**** Source data
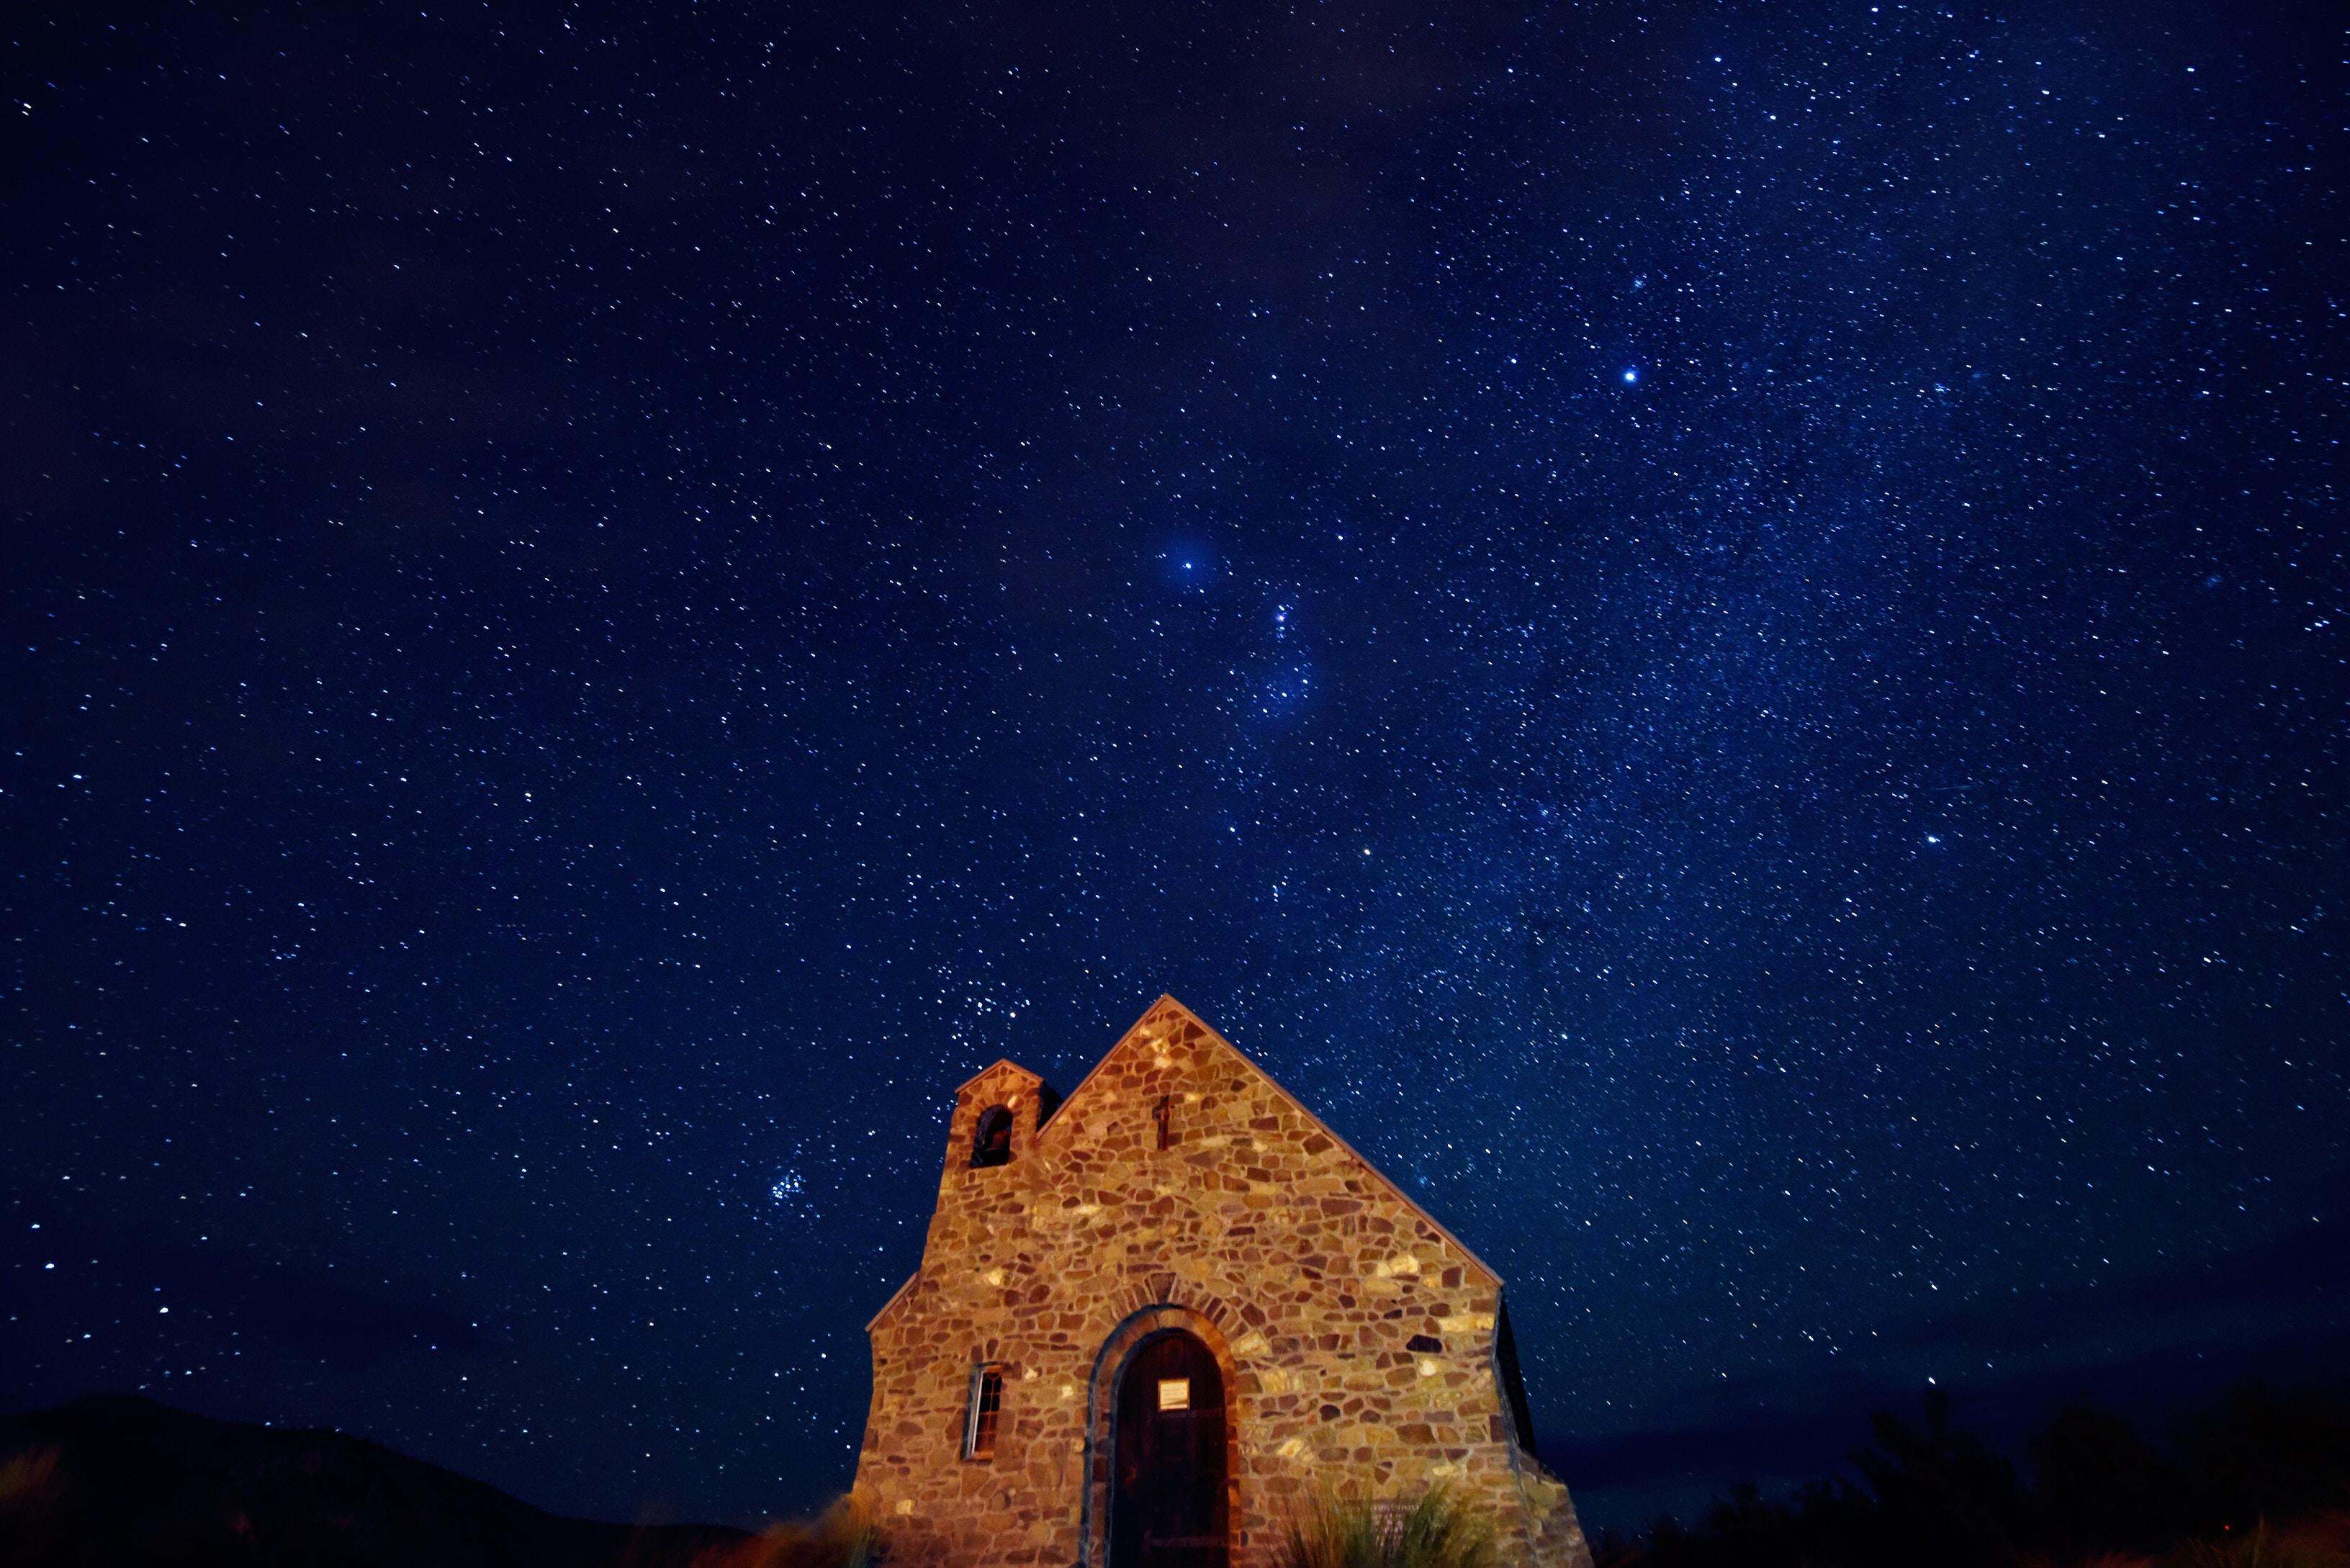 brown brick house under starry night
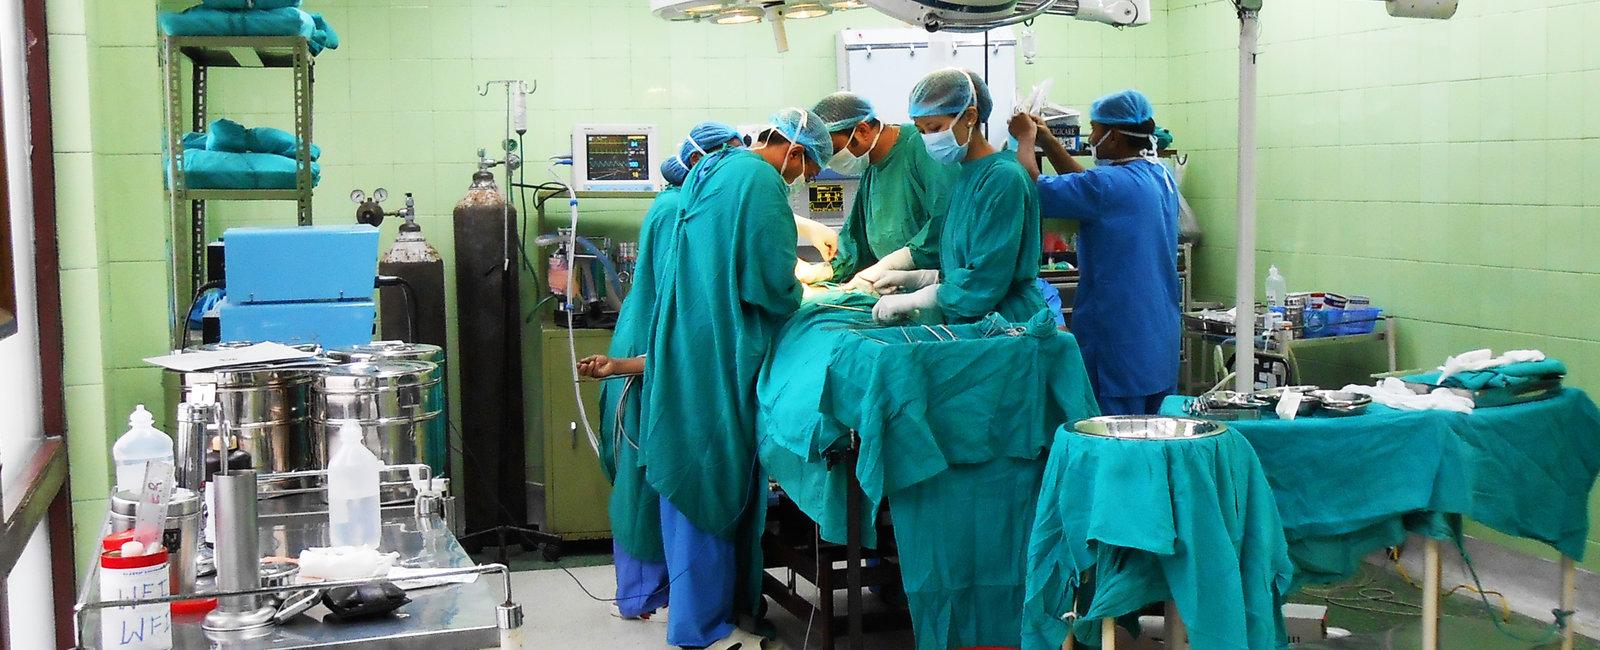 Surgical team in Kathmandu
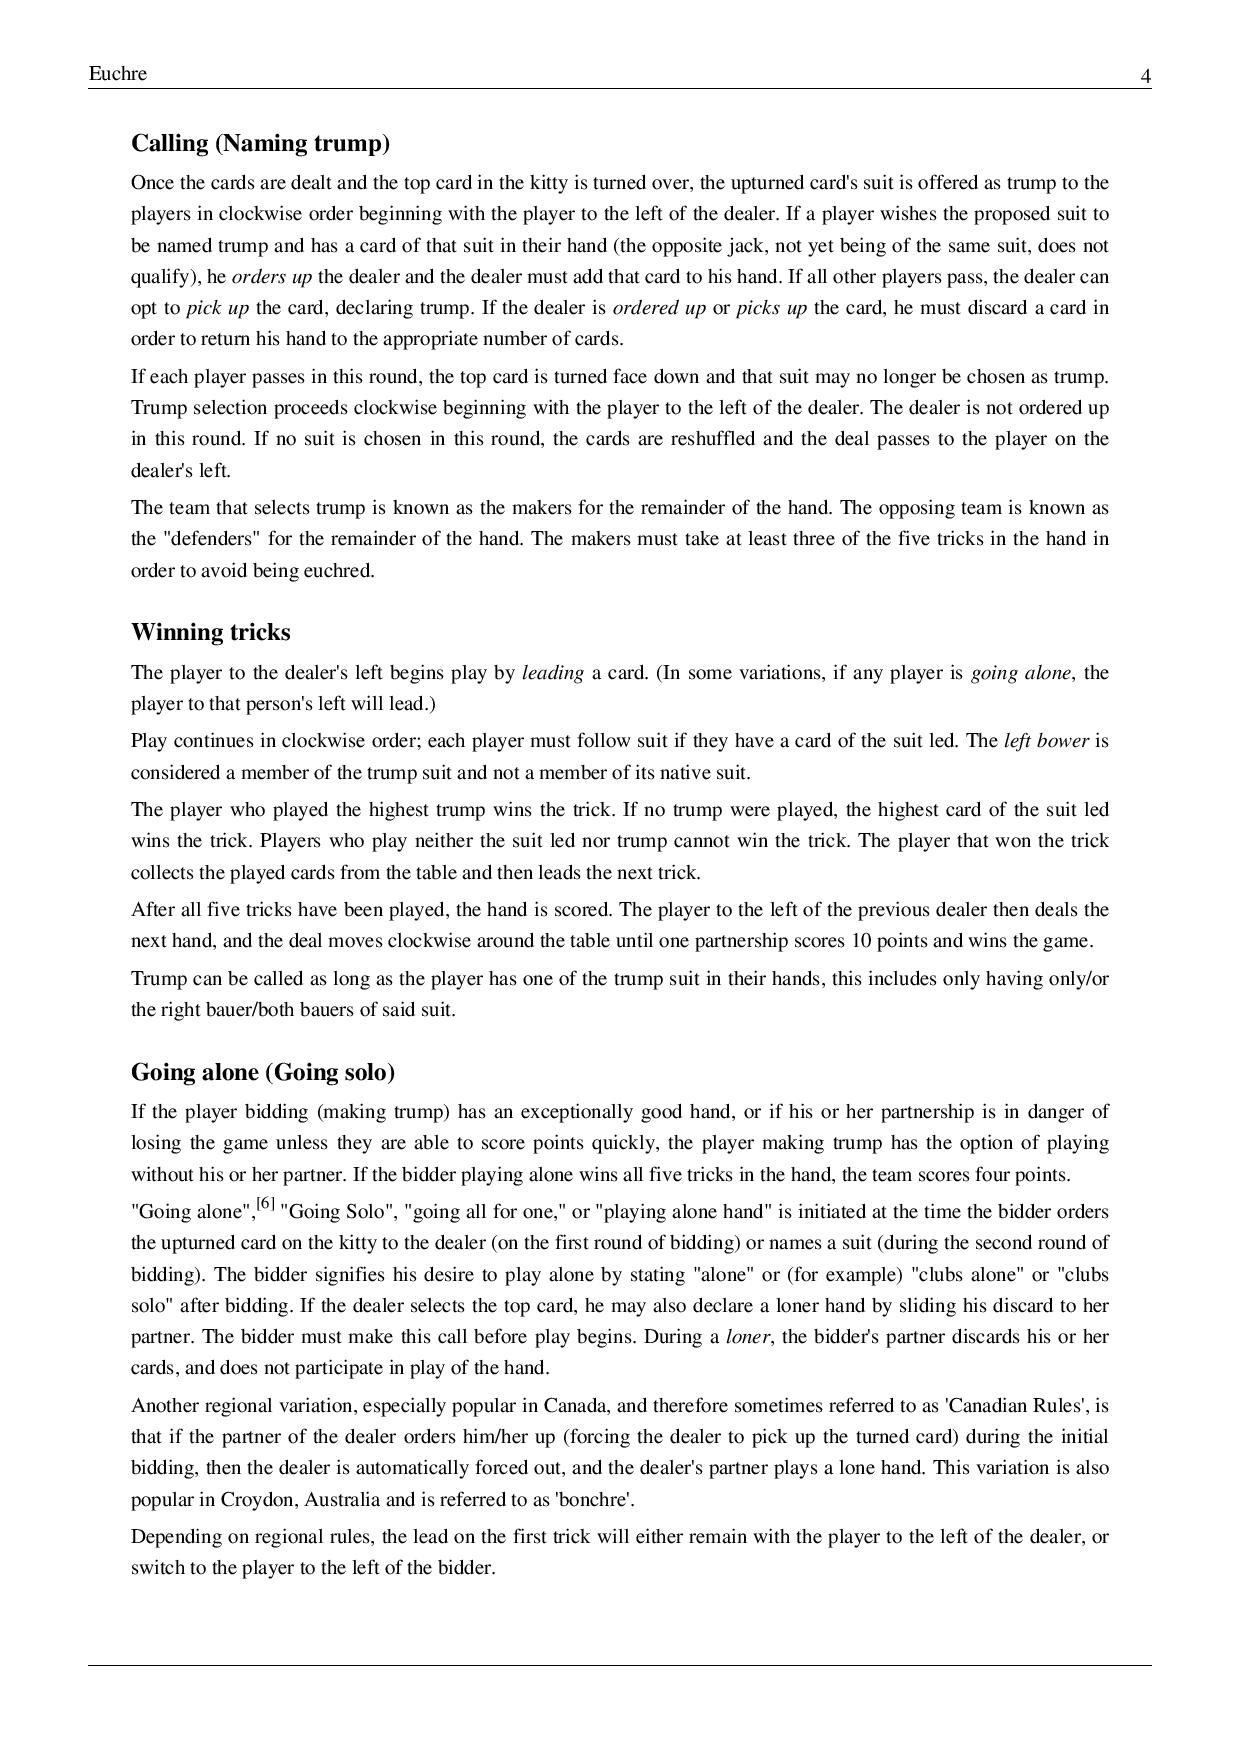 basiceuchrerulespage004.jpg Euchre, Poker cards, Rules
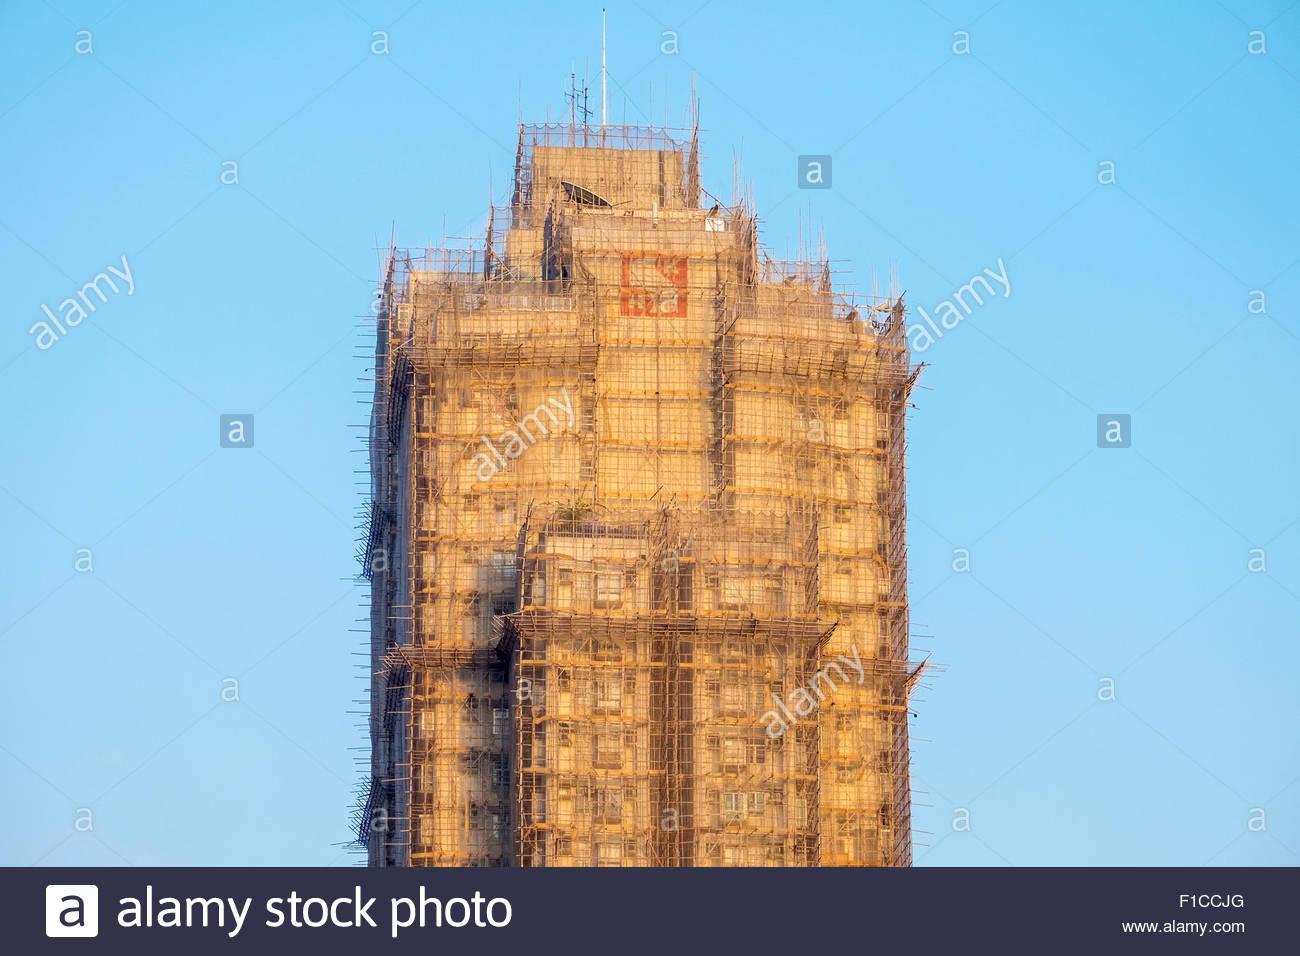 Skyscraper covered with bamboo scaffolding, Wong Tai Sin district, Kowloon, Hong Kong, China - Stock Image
********
### [Your assignment]
Return each line of the material exactly as written; exclude the pictures.

### [Solution for this problem]
 brown brick house under starry night
 Surgical team in Kathmandu
 basiceuchrerulespage004.jpg Euchre, Poker cards, Rules
 Skyscraper covered with bamboo scaffolding, Wong Tai Sin district, Kowloon, Hong Kong, China - Stock Image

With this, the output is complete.